_The problem_: What is needed is a faithful transcription of all the data below, pictures excluded.

_Available data_:
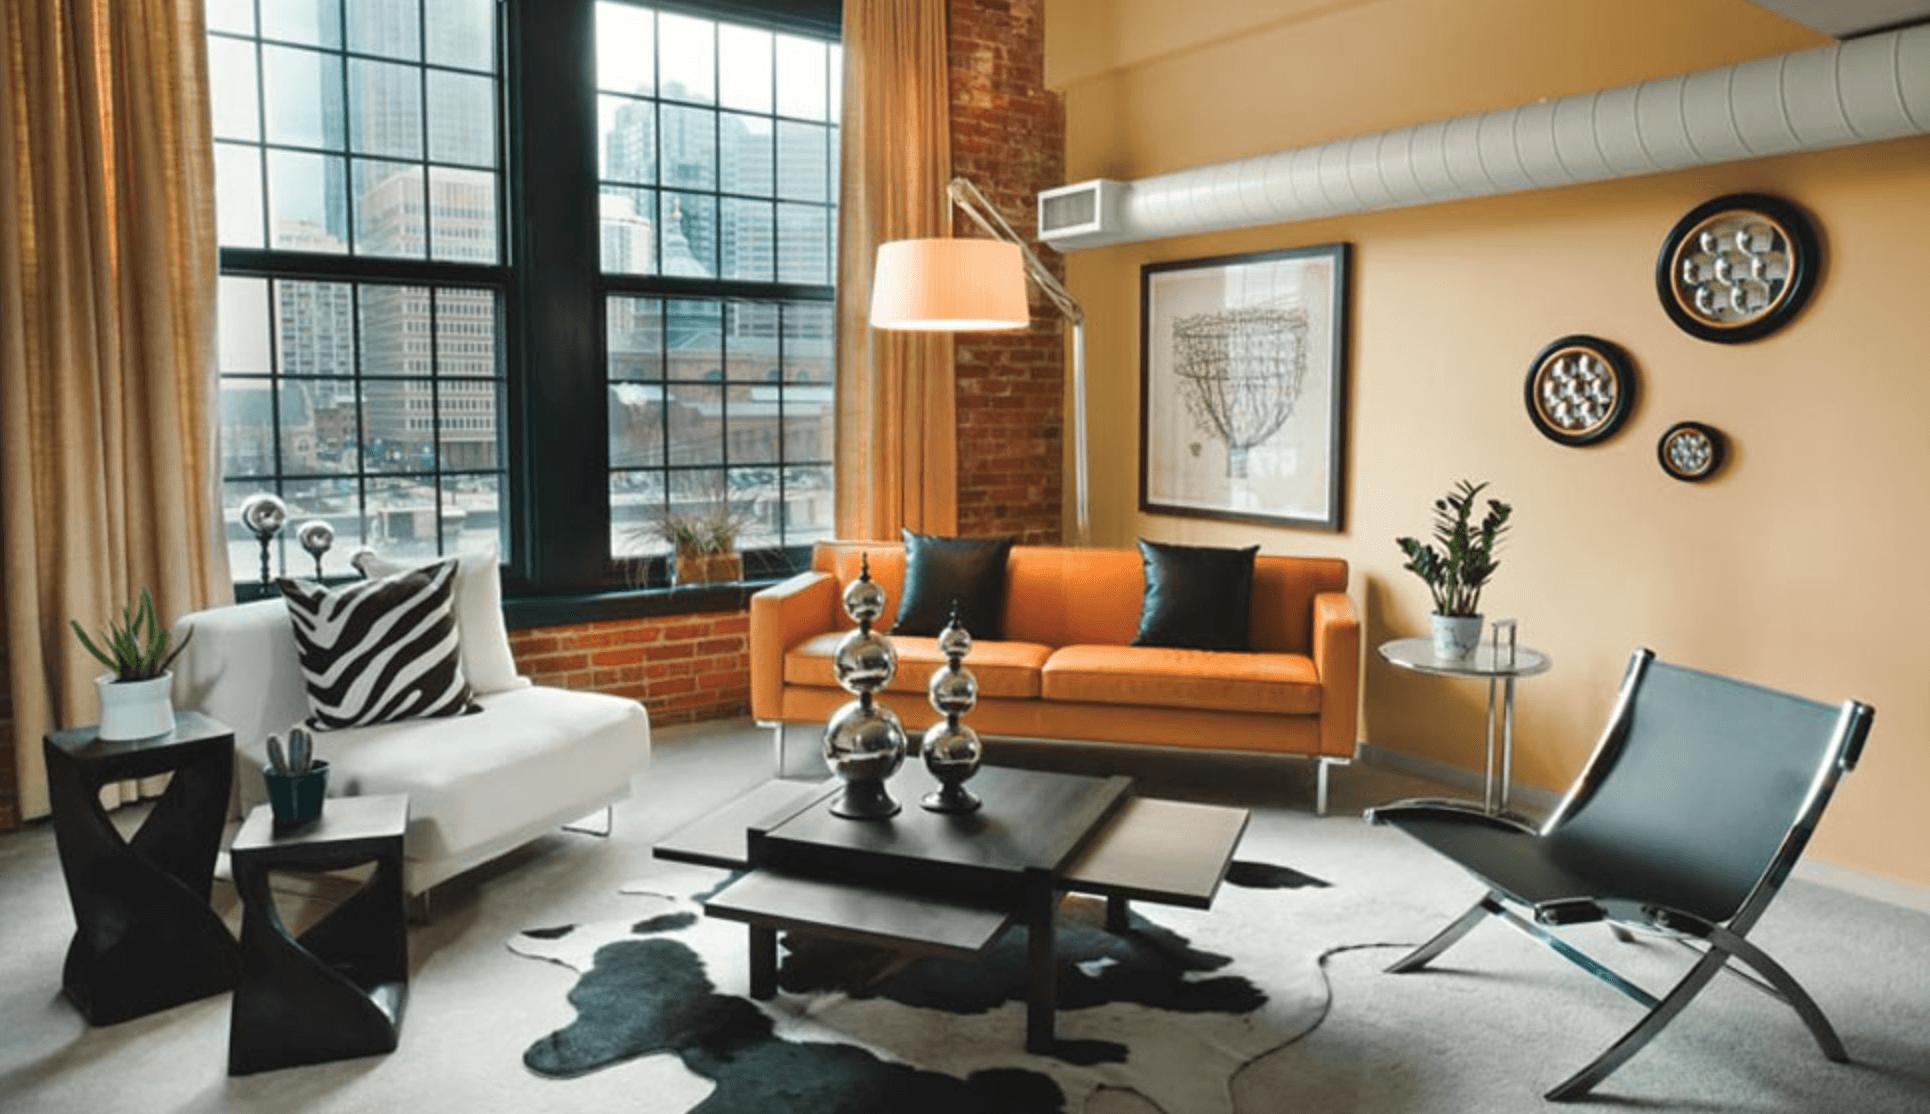 Best Philadelphia Apartments interior/ exterior
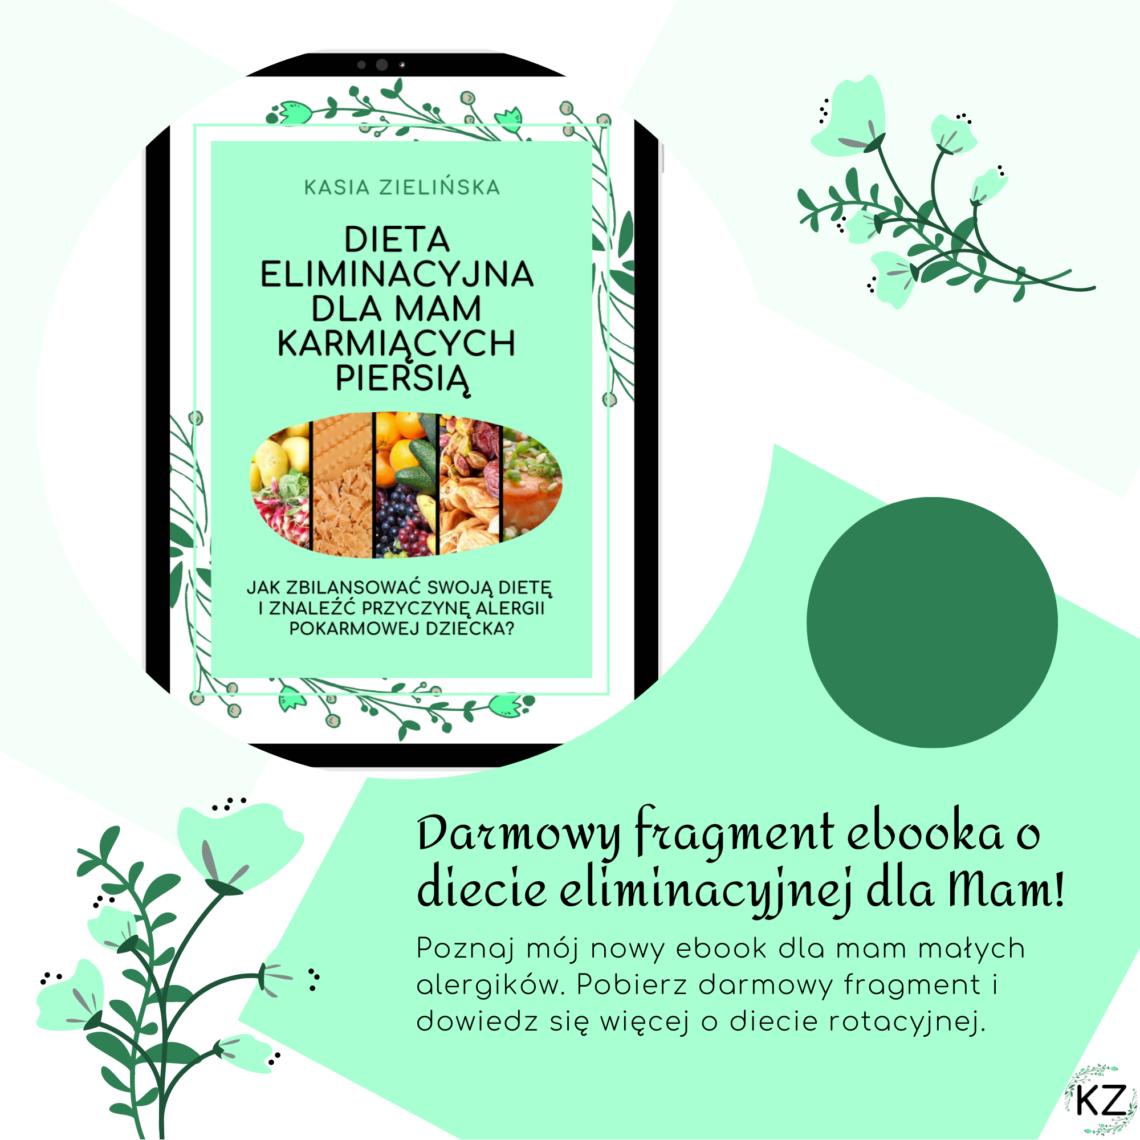 darmowy fragment ebooka, ebook o diecie eliminacyjnej, książka o diecie eliminacyjnej, jak szukać alergenów, jak znaleźć alergeny, dieta rotacyjna, dieta eliminacyjno-rotacyjna
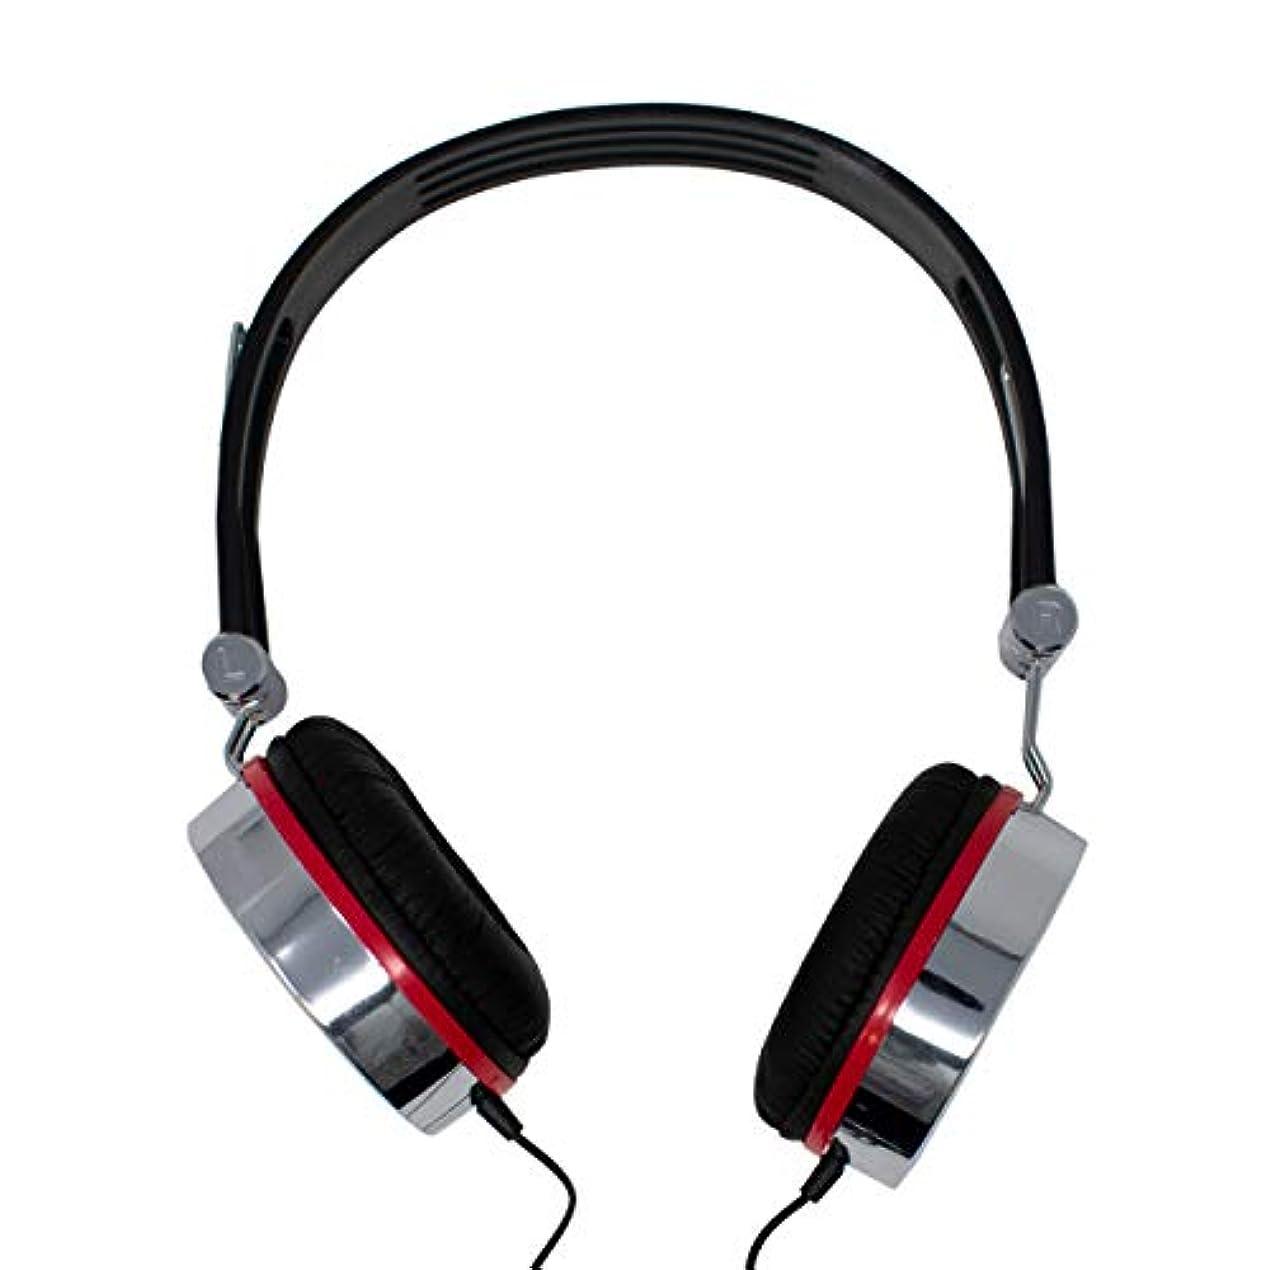 演劇石灰岩マイク付きヘッドセットオーバーヘッドヘッドフォン(2x 3.5mmジャックプラグ)iCHOOSE®製PC、ラップトップ、Skype、MP3 /オーディオアクセサリ用のインラインマイクヘッドセット

_The completed task_:
 Best Philadelphia Apartments interior/ exterior
 darmowy fragment ebooka, ebook o diecie eliminacyjnej, książka o diecie eliminacyjnej, jak szukać alergenów, jak znaleźć alergeny, dieta rotacyjna, dieta eliminacyjno-rotacyjna
 演劇石灰岩マイク付きヘッドセットオーバーヘッドヘッドフォン(2x 3.5mmジャックプラグ)iCHOOSE®製PC、ラップトップ、Skype、MP3 /オーディオアクセサリ用のインラインマイクヘッドセット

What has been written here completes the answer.